_Stored data_

=== Begin Enclosure ===

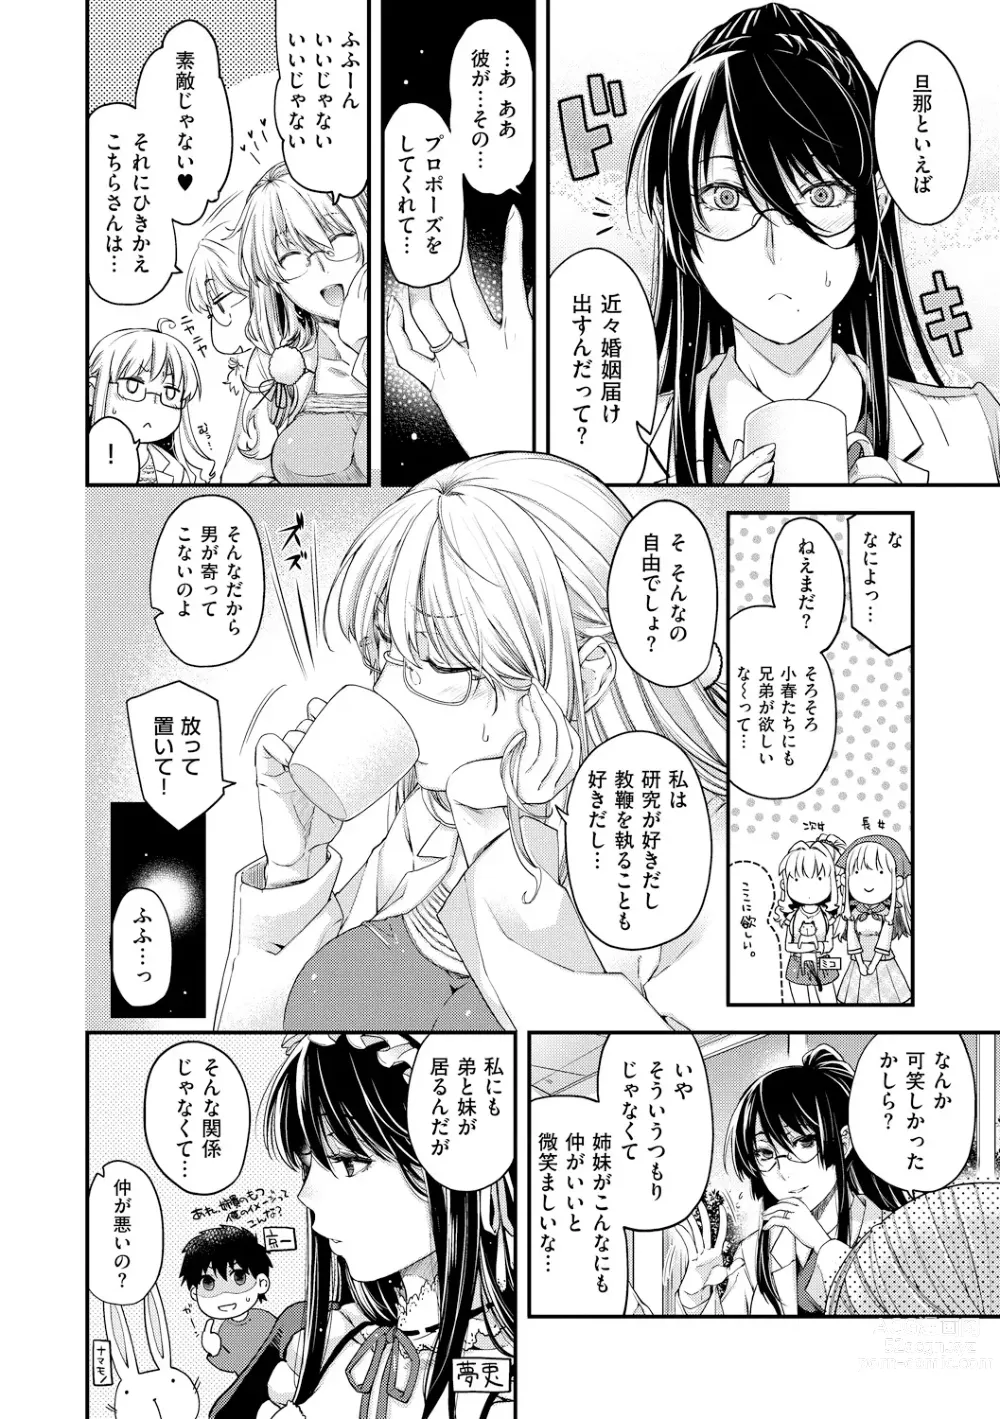 Page 214 of manga Chigiri to Musubi no Houteishiki
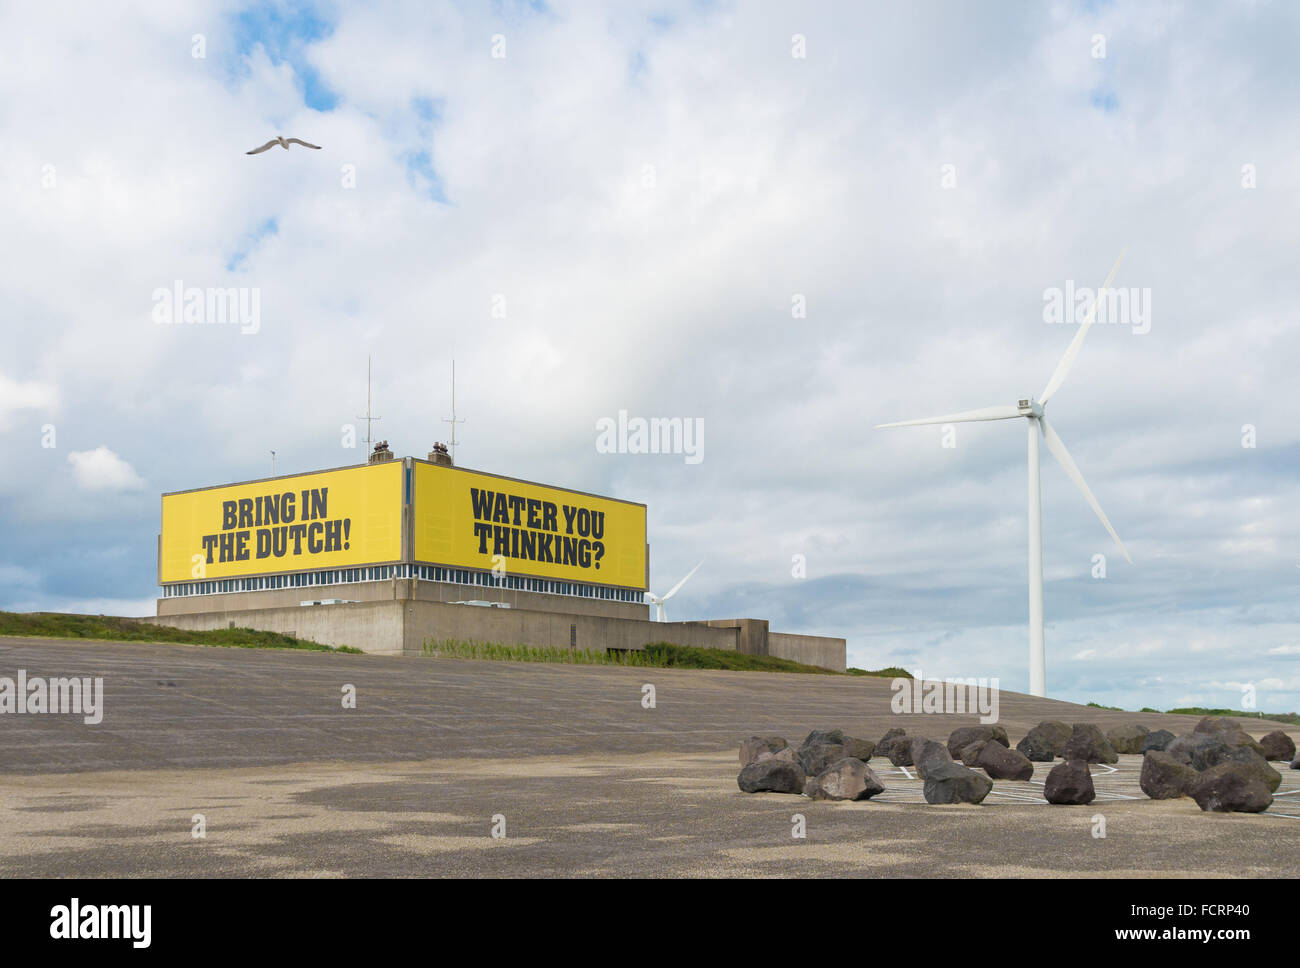 VEERE, Paesi Bassi - Luglio 18, 2015: costruire con il testo sull'isola artificiale Neeltje-reimerswaal Jans in Zeeland come un ricordo della Foto Stock
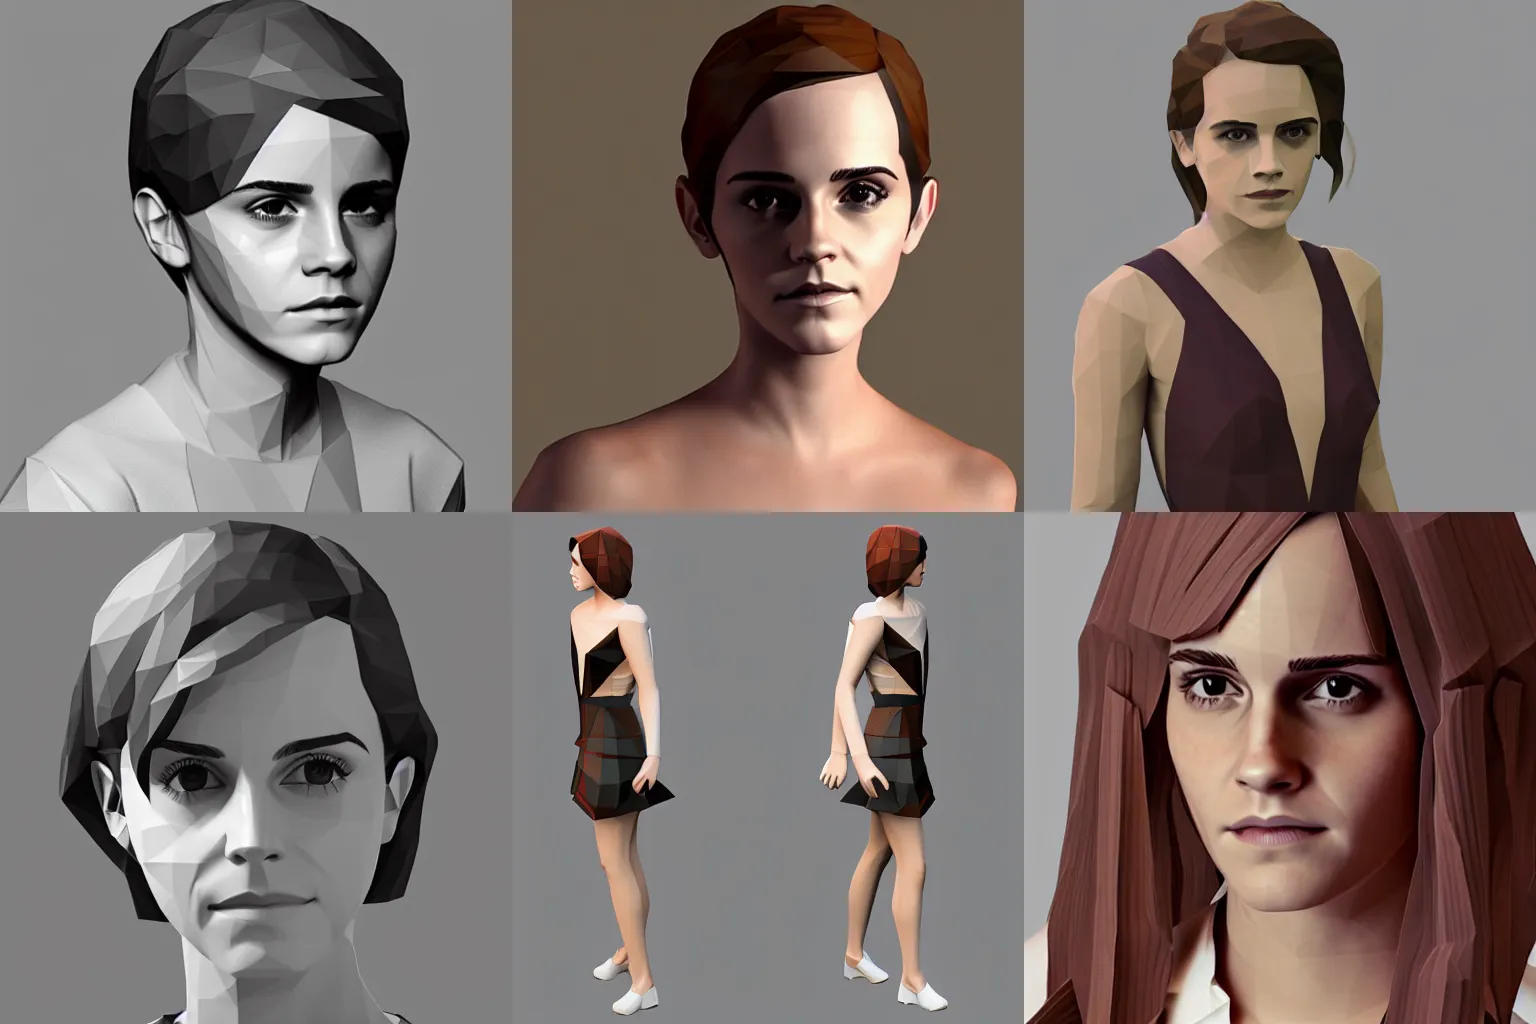 Prompt: Emma Watson lowpoly 3D render
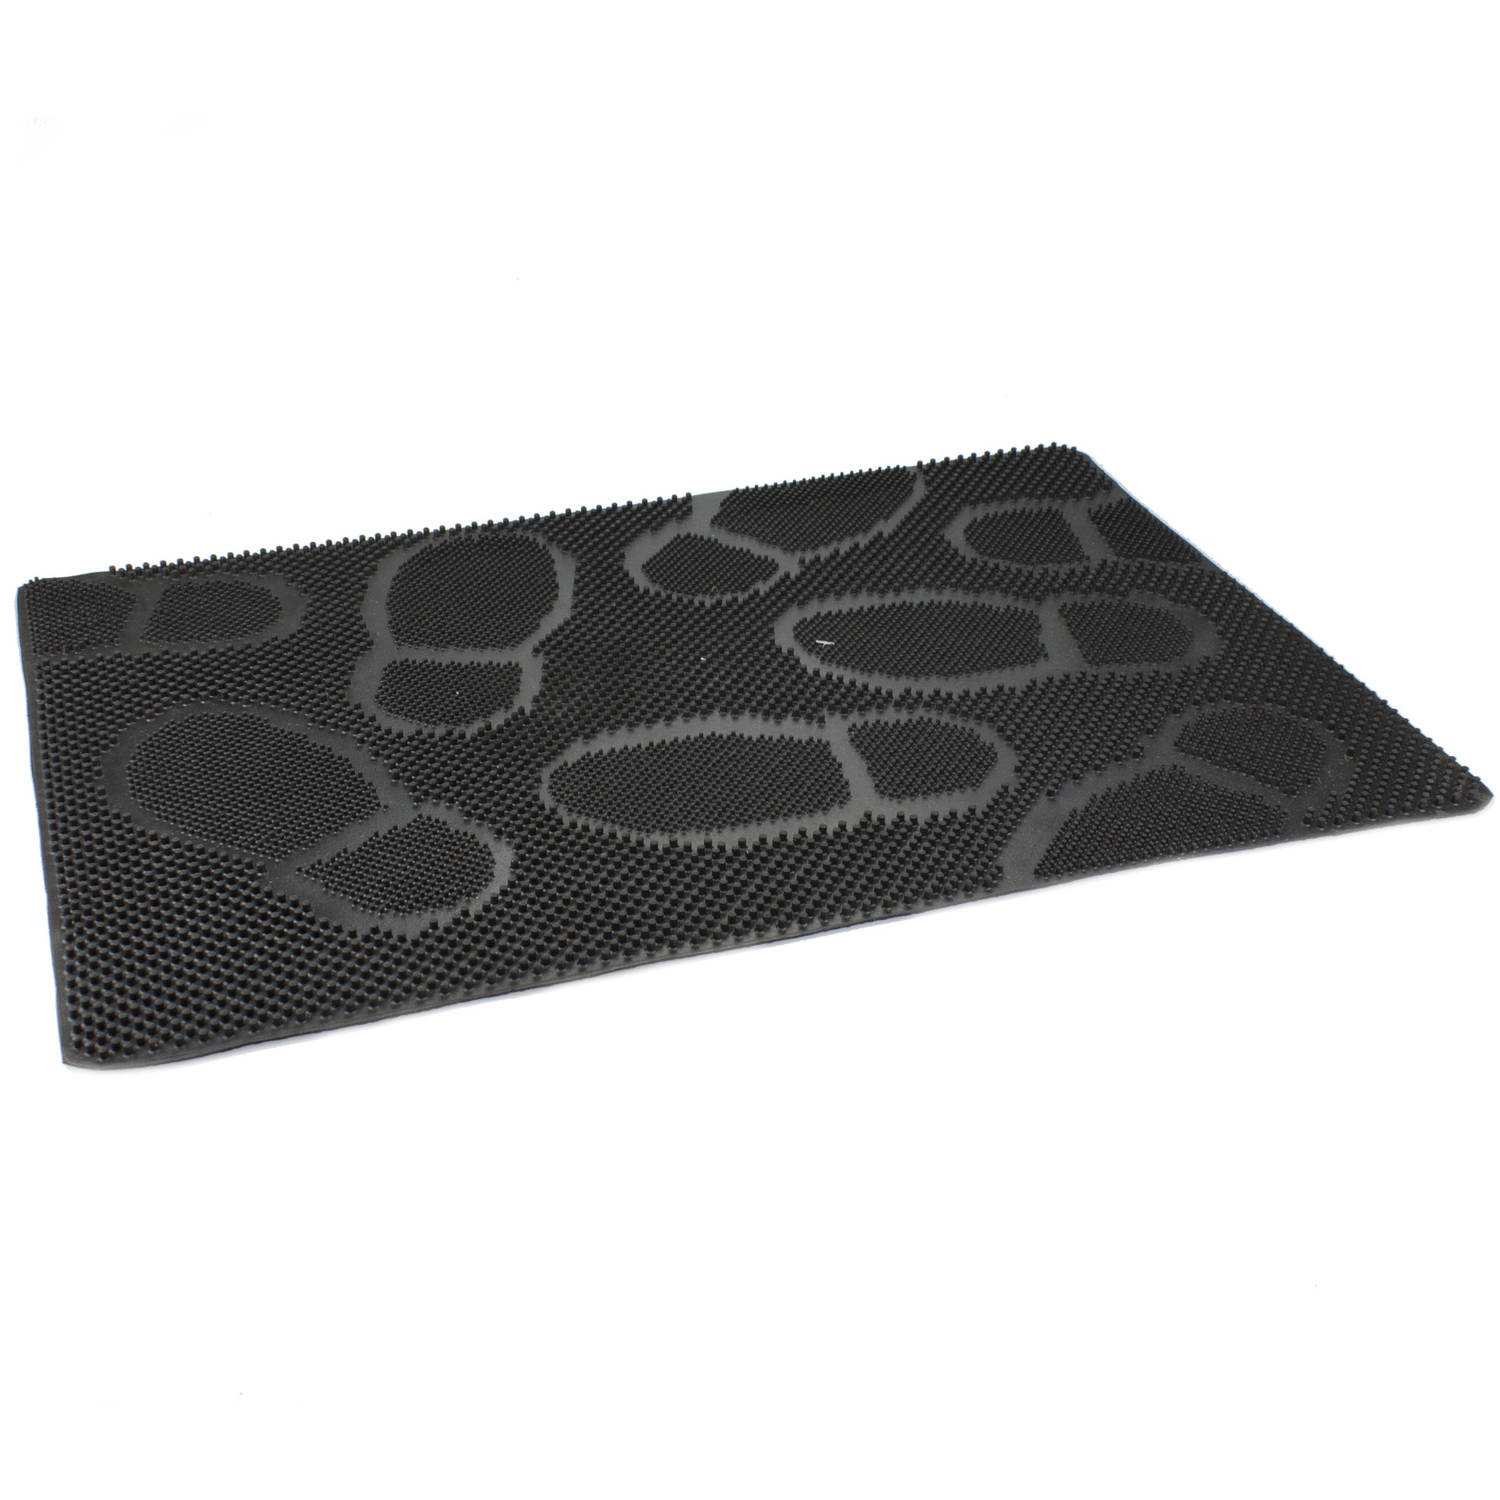 Rubberen deurmat/buitenmat zwart met noppen 60 x 40 cm - Anti slip vloermatten geschikt voor binnen en buiten

=== End Enclosure ===

_What needs to be done_
Retype the listing above exactly. Pictures are not part of the copy.

_Written answer_
 Page 214 of manga Chigiri to Musubi no Houteishiki
 VEERE, Paesi Bassi - Luglio 18, 2015: costruire con il testo sull'isola artificiale Neeltje-reimerswaal Jans in Zeeland come un ricordo della Foto Stock
 Prompt: Emma Watson lowpoly 3D render
 Rubberen deurmat/buitenmat zwart met noppen 60 x 40 cm - Anti slip vloermatten geschikt voor binnen en buiten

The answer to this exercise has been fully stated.